Dans cette suite, nous retrouvons les protagonistes de La Chute des géants dix années après les avoir laissés dans un monde en pleine reconstruction post-Première Guerre mondiale.
Nous sommes plongés directement dans l’Allemagne des années 1930, à la veille de la prise de pouvoir de Hitler. Pendant cette nouvelle partie du récit, qui s’étend de 1933 à 1949, nous allons voir évoluer avec les enfants des personnages découverts dans le tome 1. Leurs parents apparaissent encore, mais leur place s’efface petit à petit, à mesure que leurs enfants grandissent et ont leur vie propre.
Ce tome 2 évoque la montée du nazisme, la Seconde Guerre mondiale et enfin les prémices de la guerre froide.

Dans ce tome aussi, la France n’est que très peu évoquée (vous aussi vous vous dites que, quand même, le débarquement a eut lieu sur nos côtes et que ça vaut bien une petite centaine de pages sur un millier… et bien non.) Mais encore plus dans ce tome que dans le précédent l’absence de la France ne m’a pas posé de problème. J’ai aimé le resserrement sur l’Allemagne, puis sur la Russie et les Etats-Unis. (Le Royaume-Uni y a également une place, surtout au début, on voit la montée du fascisme chez les Britanniques et l’essoufflement du mouvement).
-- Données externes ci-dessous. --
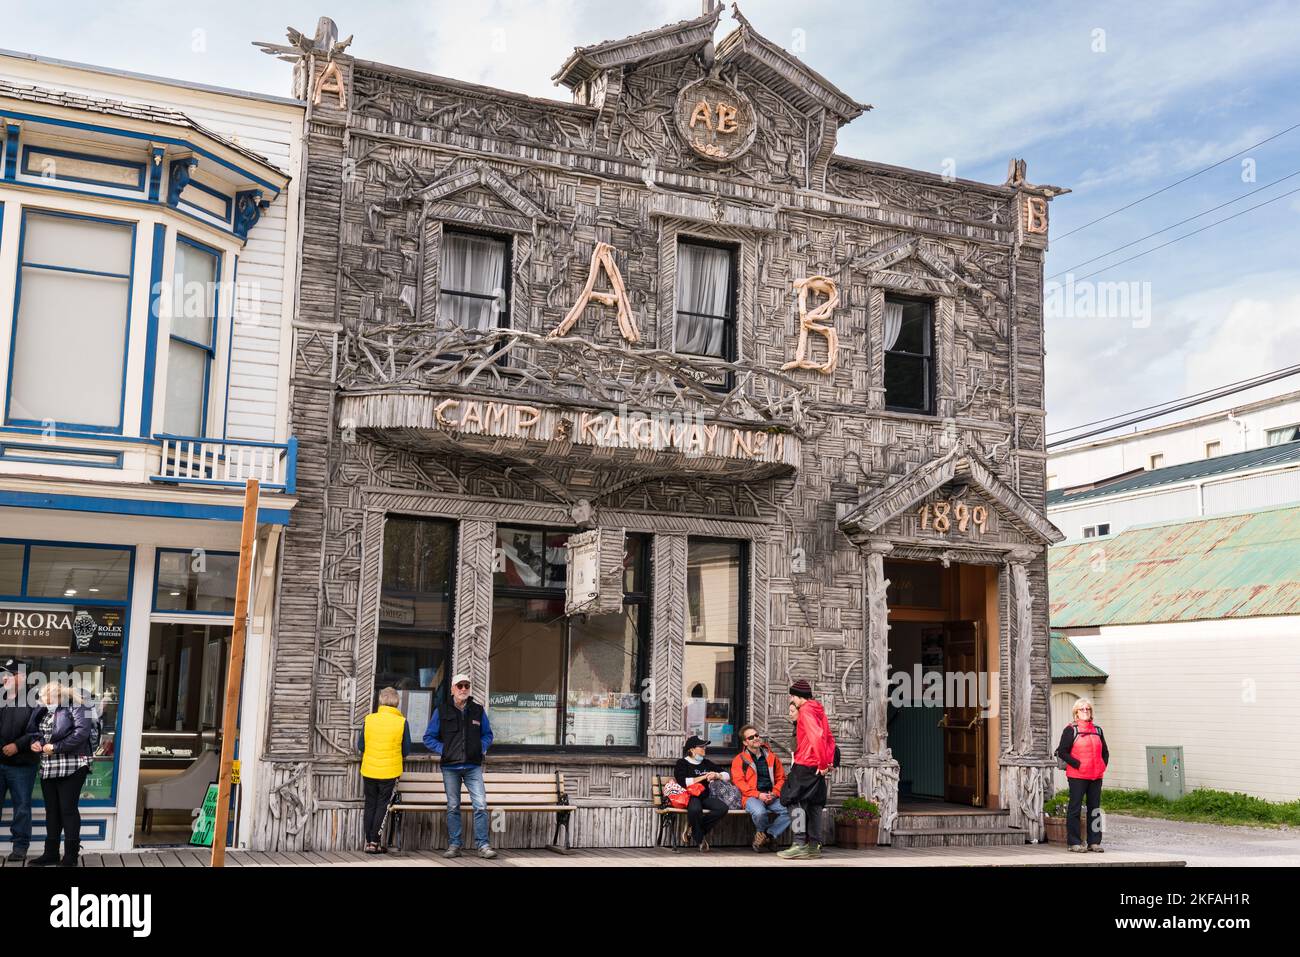 Skagway, AK - September 7, 2022: The historic Arctic Brotherhood Building is a popular stop with cruise tourists in Skagway, Alaska Stock Photo

Ce qui m’est vraiment apparu dans ce tome (elle a mis 1500 pages à s’en rendre compte la p’tite, quand même) c’est la façon dont Ken Follett arrive à placer ses personnages de façon à ce qu’ils soient au plus près des évènements historiques et que tout paraisse naturel au lecteur (bon en fait ça m’est apparu quand un des personnages suit Hitler dans le Reichstag après l’incendie, et là justement c’est pas hyper naturel… mais dans l’ensemble tout passe très bien).

J’ai été étonnée du peu de traitement des camps de concentration et d’extermination (à peine évoqués en fait). Par contre le traitement de l’extermination des handicapés mentaux et physiques dans l’Allemagne dans années 1930 m’a beaucoup marqué (pour vous donner le niveau, j’en ai fait un cauchemar). Peut-être parce qu’on en parle moins souvent. (Non pas qu’on parle trop de la Shoah, il ne faut pas que le souvenir disparaisse.)
Il y a beaucoup de passages sur la guerre américano-japonaise et comme je n’ai jamais vu Pearl Harbor (oui je sais, c’est fou d’y avoir échappé), j’avais une connaissance assez limitée de la guerre dans le Pacifique, à part le point final par les bombes nucléaires.

Comme le premier tome, j’ai lu ce pavé à toute vitesse et avec un grand plaisir !
Il vaut mieux avoir lu le tome 1 avant de se lancer dans ce tome, même si Ken Follett fait de nombreux rappels de « qui est qui » et « qui a fait quoi ».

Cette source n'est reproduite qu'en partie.